Yakk - honestly, I can't imagine a seam and can't figure out what merge sort has to do with it. Could you plase explain further?

[Yakk]

Pretend you have a virtual 3-wide head.

X moves the head 1 unit.
Y rotates the 3 elements under the head by 1.

There is a "pretend seam" between the left most element in the list, and the right most element in the list.

In reality, X moves the elements not the non-existent "head", and Y always rotates the first 3 -- but by pretending that X moves the head, and Y rotates elements under the head, and having a virtual "seam" where the list started/ended when we started the problem, we turn the problem into a pretty simple bubble sort. We just finish the problem by moving the "head" back to the start of the list via repeated Xs.

[jaap]

jaap - Hmm.. I came across a problem. How should I make my algorithm "see" a triplet? I mean: saving three elements to some array and then (if the next number we're looking for, say 2) if 2's not there, changing all these variables to the next triplet is extremely time consuming.

I really don't understand why you would ever want to do it that way.
Suppose you have already solved a couple of balls. You just scan through the list to find out where the next ball is. Then you can calculate how many X moves you would need to do to get there. When you 'do' these X moves, you don't shift all the balls in the array. That is too time consuming. You just adjust one variable that indicates the index in the array you are standing in front of.
Like this:

Code: Select all

// array = array containing the current order of the balls.
mypos = 0; // array index of first of 3 balls in front of us.
for( ballnumber = 0 to array.length-2 )
   solveBall(ballnumber)
//todo swap last two balls if necessary and possible


function solveBall( ballnumber ){
   ballpos = array.indexOf(ballnumber)   // find ball in array
   while( ballpos > ballnumber ){  // ball is not yet solved
      // move so that ball is the middle one in front of us
      printmove( mypos-(ballpos-1), "X")
      mypos = ballpos-1
      // do 2Y to move ball left one step
      array[mypos+1] = array[mypos+2]
      array[mypos+2] = array[mypos]
      array[mypos] = ballnumber
      ballpos = ballpos - 1
      printmove( 1, "Y")
   }
}

[Foamy]

I really don't understand why you would ever want to do it that way.

Honestly - neither do I but couldn't think of a better algorithm.
In your code you stated that we should move so that the ball we're looking for is in the middle of our sight. But isn't looking for it to be in the third place better? Then, we move it to the beggining by just one Y.

Yakk - I don't think merge sort is a good idea here. How do we know how many Ys we should do if we simply merge sort a triple?

[jaap]

I really don't understand why you would ever want to do it that way.

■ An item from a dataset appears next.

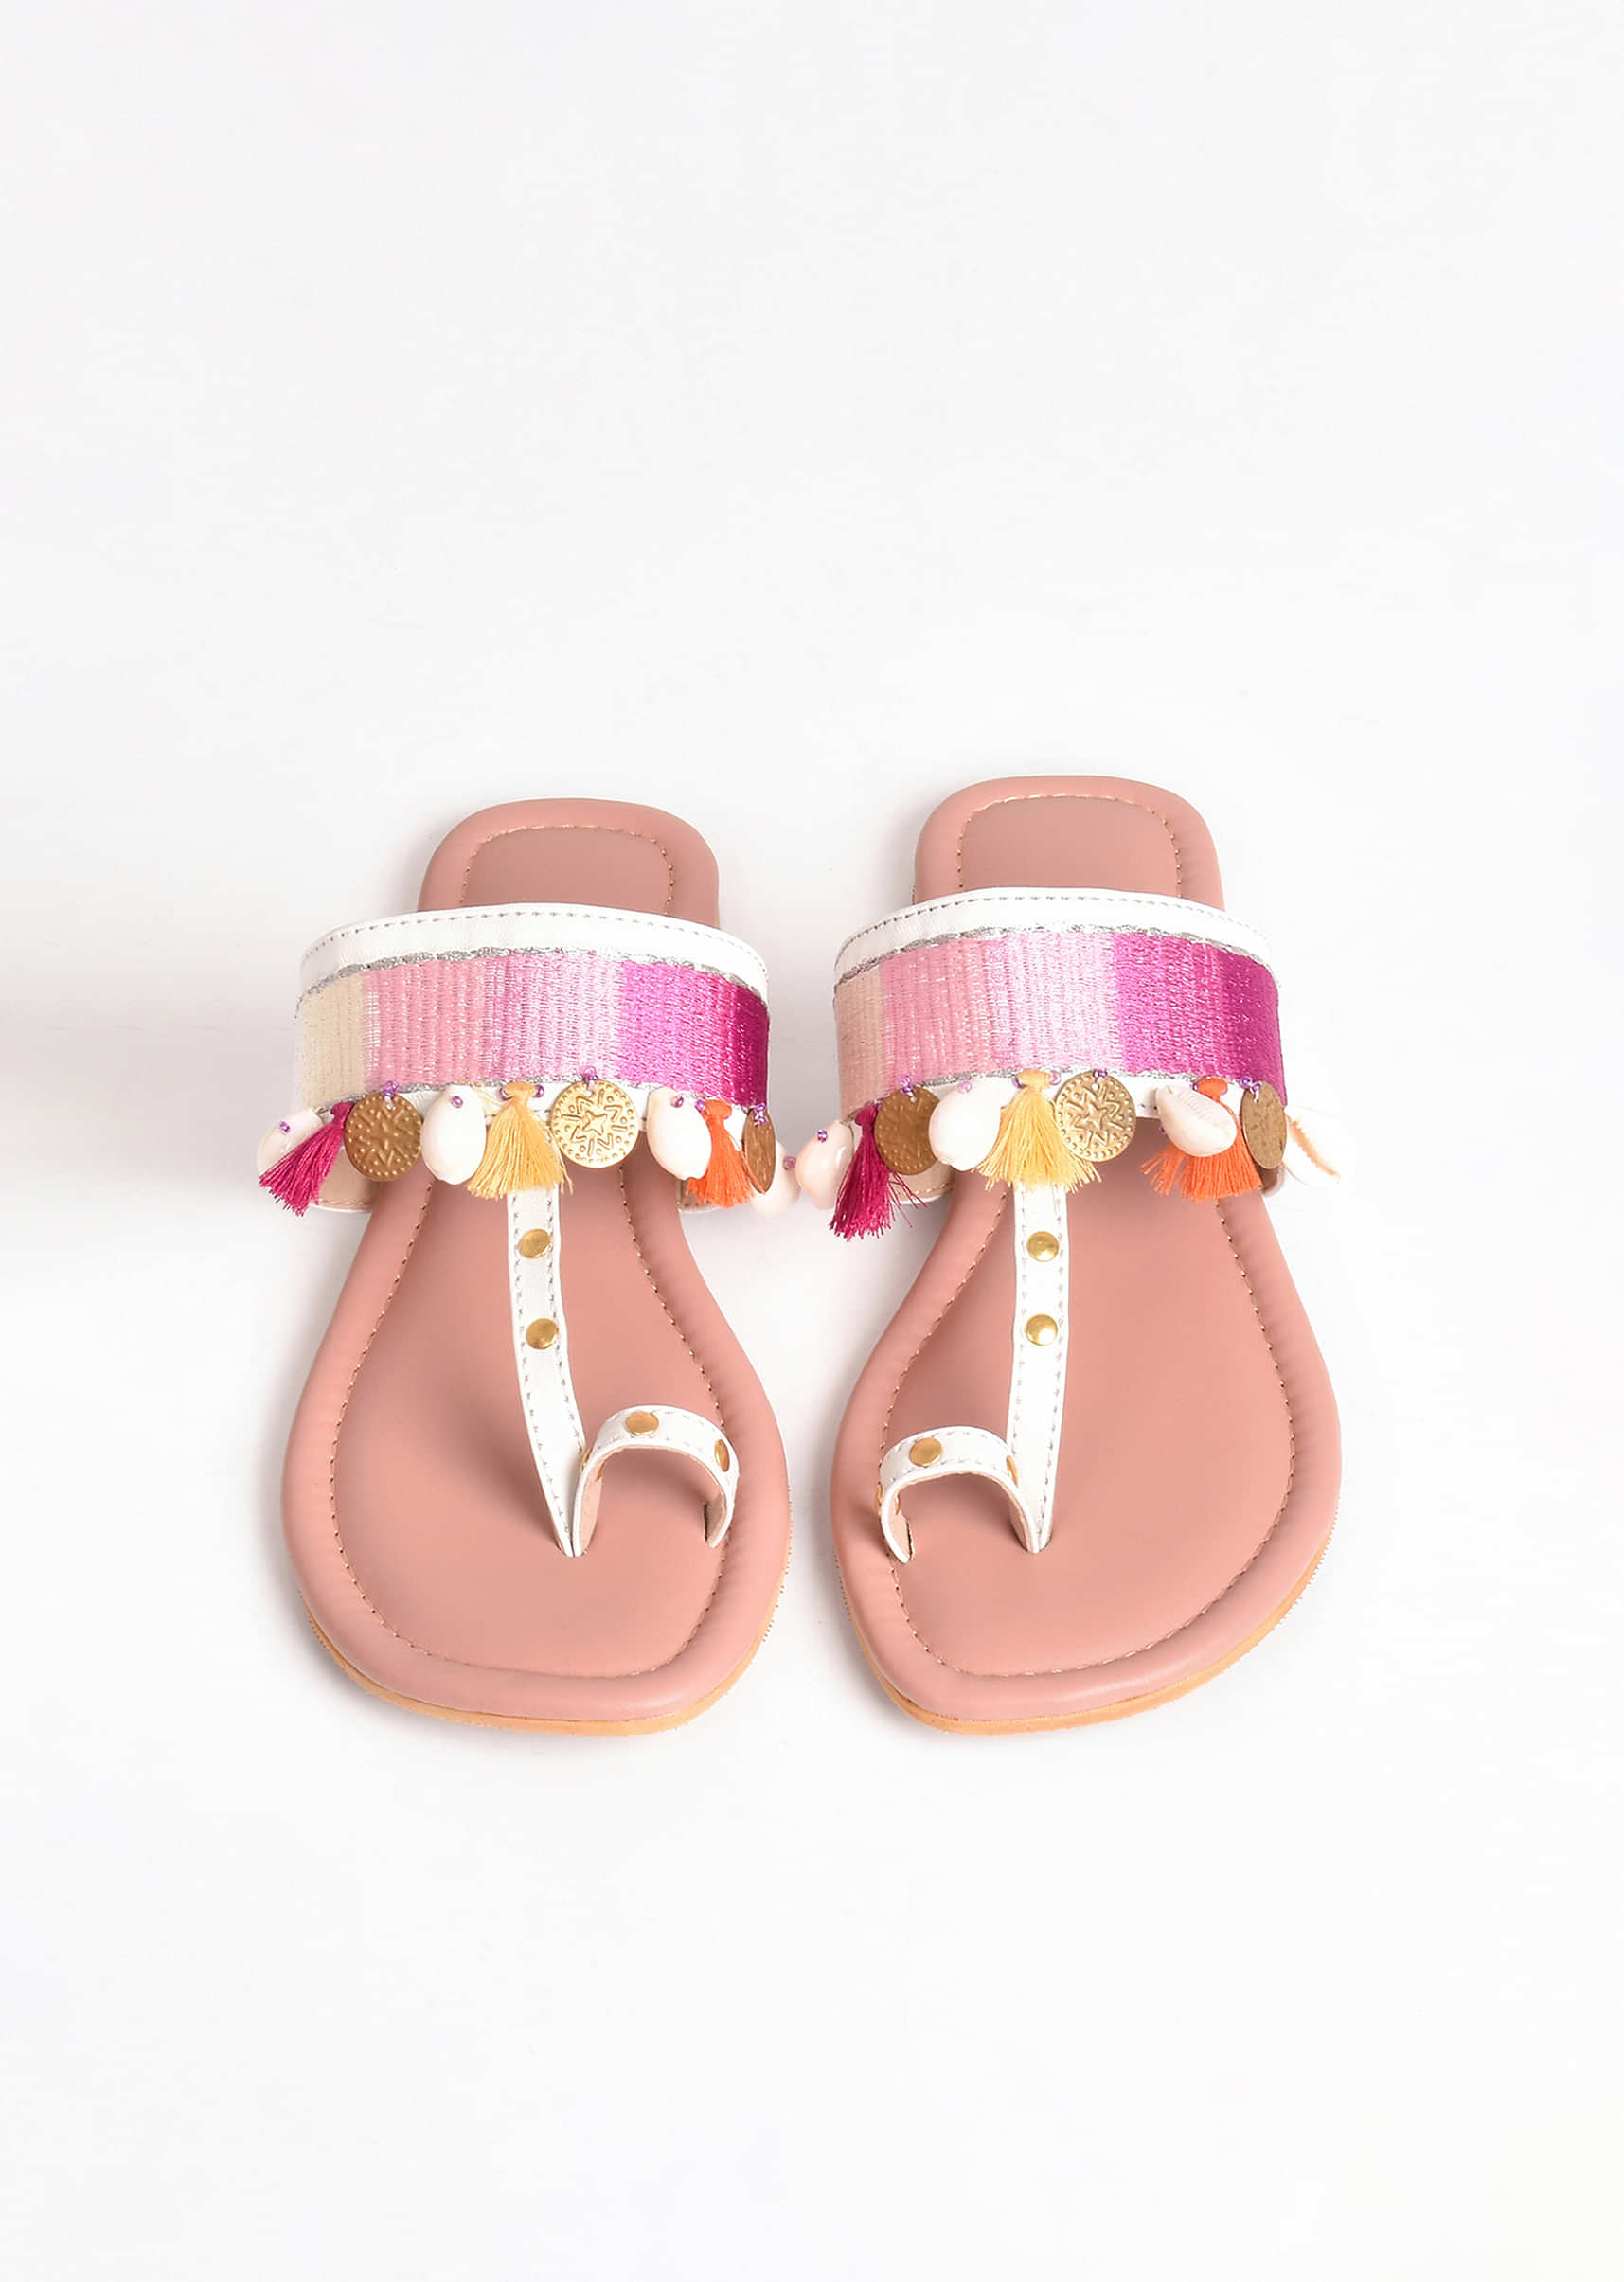 Pink Ombre Kolhapuri Flats With Conchas, Tassels And Coins By Sole House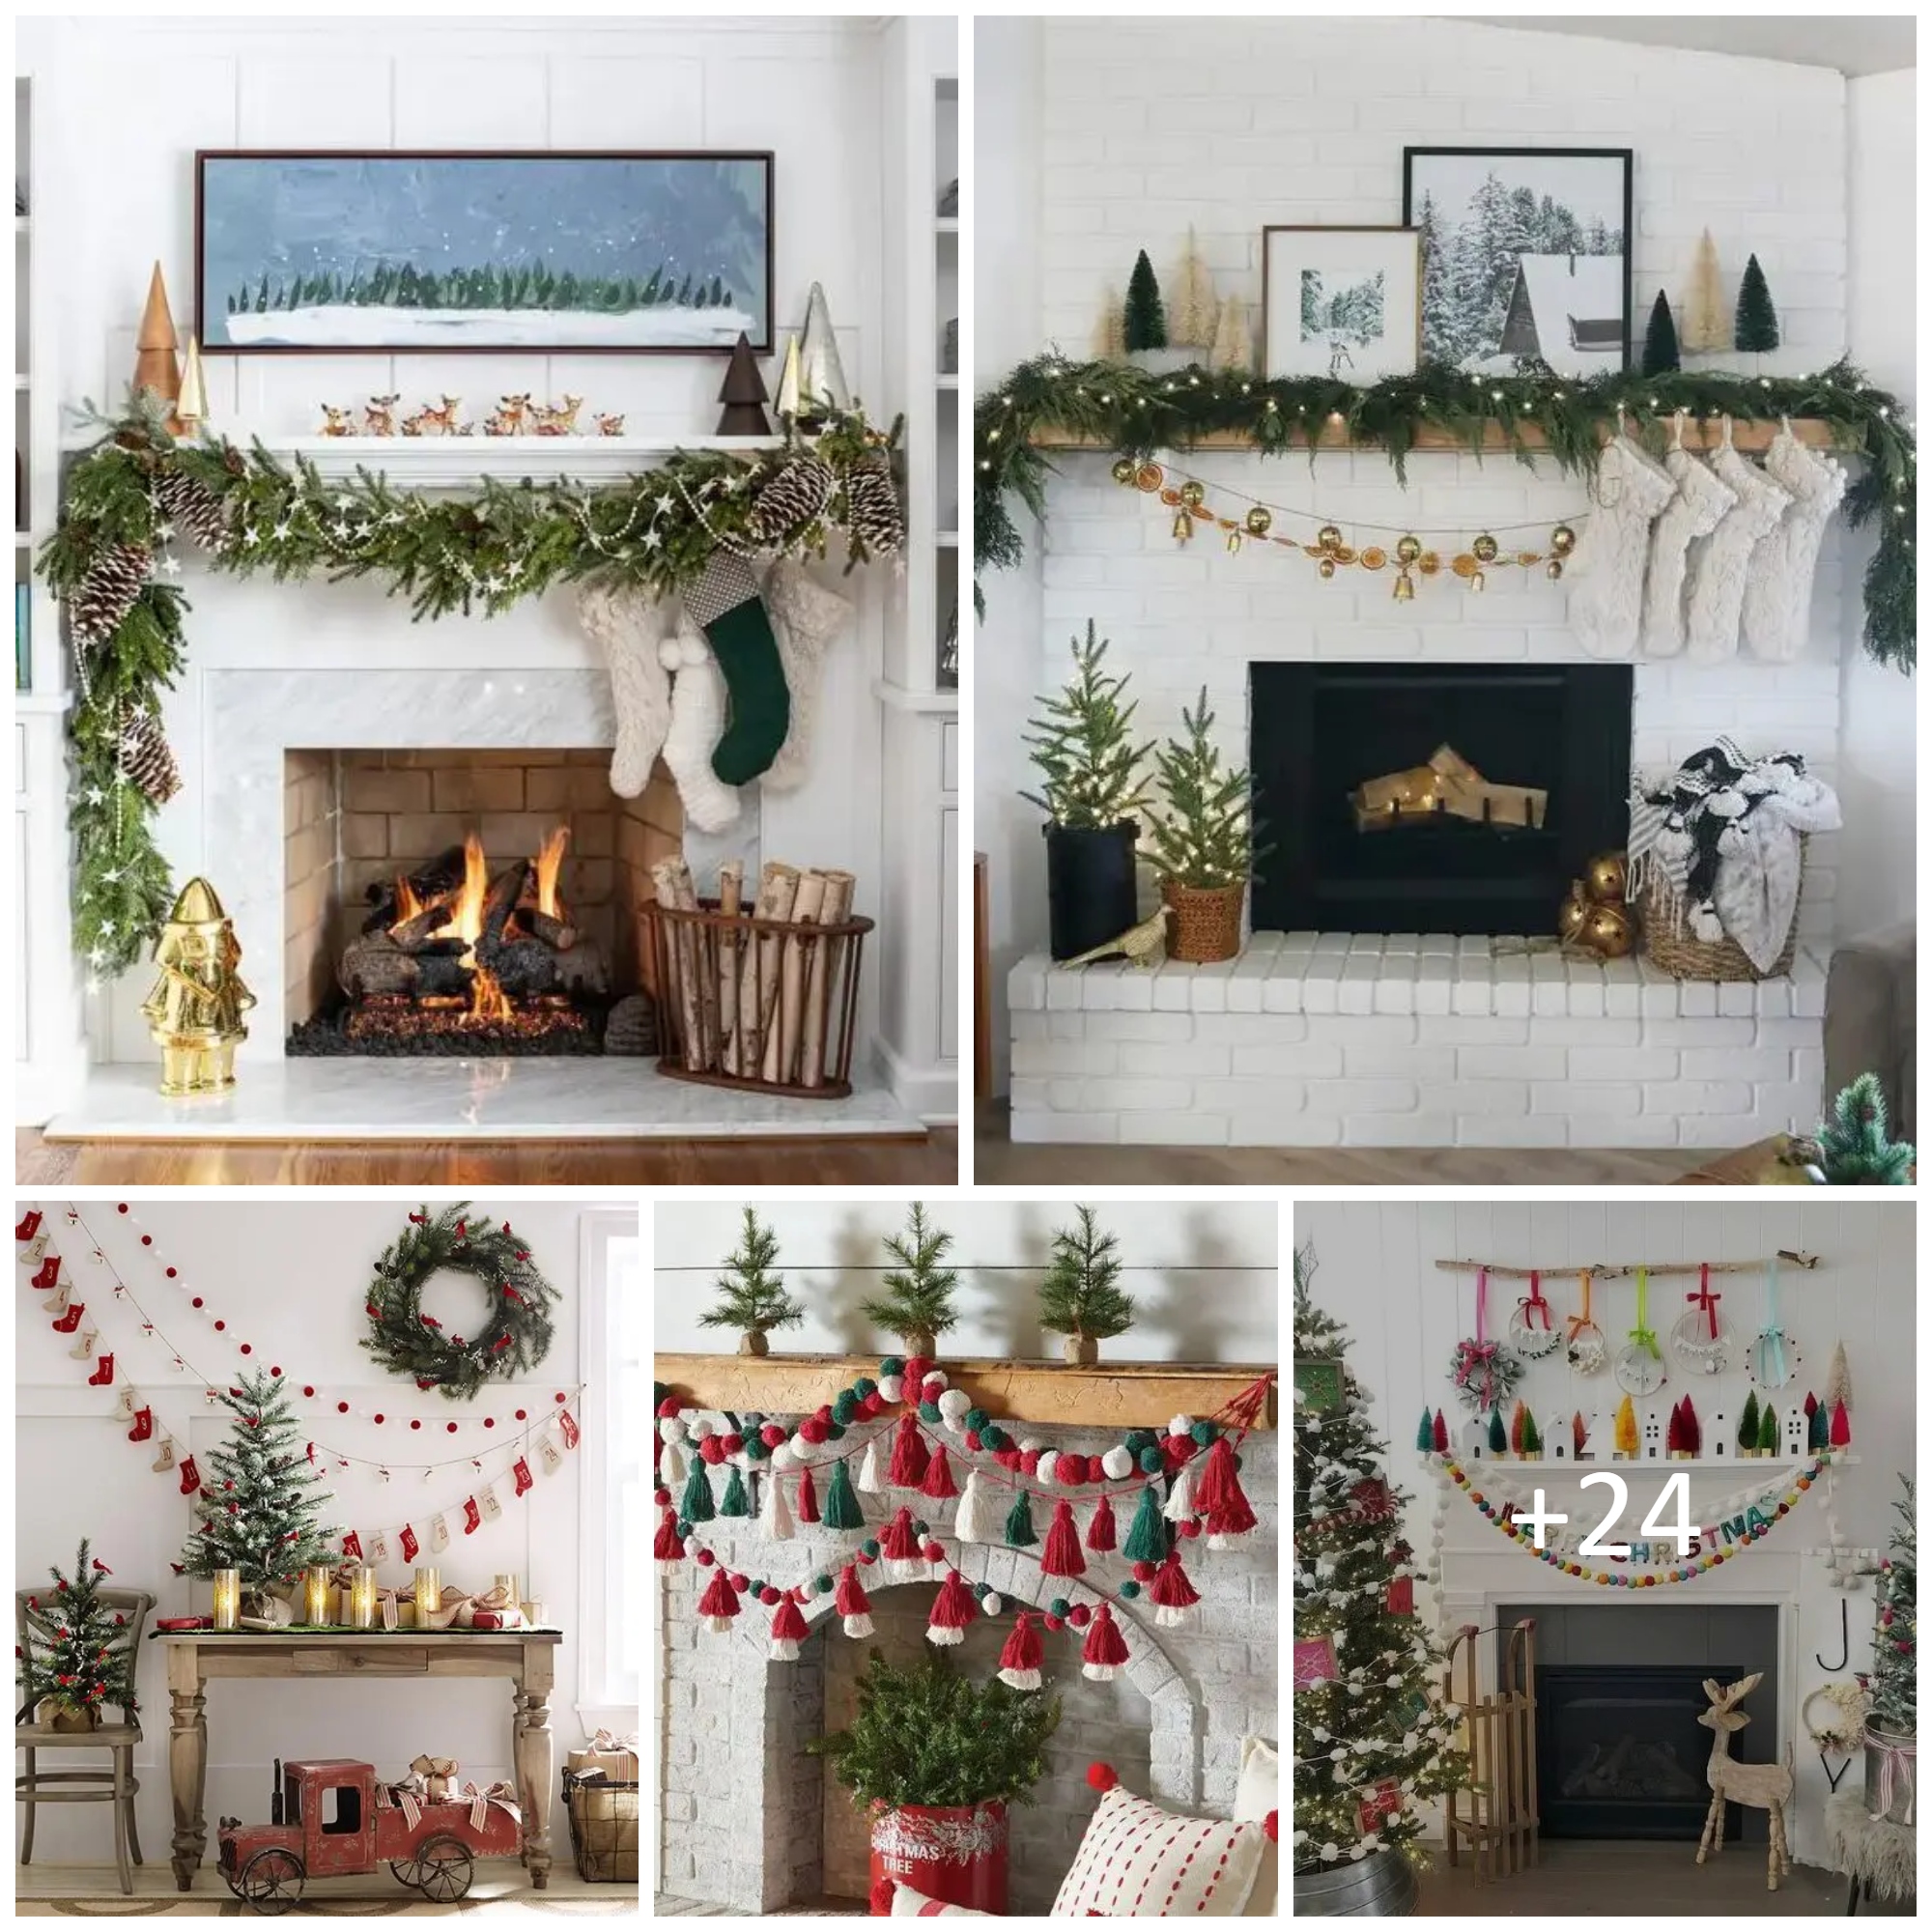 Christmas Garland Ideas That Are Unique and Festive

Honestly - neither do I but couldn't think of a better algorithm.
In your code you stated that we should move so that the ball we're looking for is in the middle of our sight. But isn't looking for it to be in the third place better? Then, we move it to the beggining by just one Y.

Yes, but I''ll leave that to you. The problem doesn't require you to use a short way to solve it, and I couldn't be bothered to describe code that does that because it would be twice as long (a loop with steps of 2, followed by almost the same code for a possible final step of 1).

Yakk - I don't think merge sort is a good idea here. How do we know how many Ys we should do if we simply merge sort a triple?

Yakk mentioned bubble sort, not merge sort which is something entirely different and inapplicable to this situation.
I agree that on some triples Y moves are not enough to order them. Nevertheless a kind of bubble sort would work if you just skip over such troublesome triples, and bubble sort until there is at most one such triple left. I think it is a bit harder to program and not really quicker than what I described, which is essentially a selection sort.

[Foamy]

The problem doesn't require you to use a short way to solve it

And what about time? I mean: would this looking for the ball on the third place instead of the middle make the code faster or just the results shorter?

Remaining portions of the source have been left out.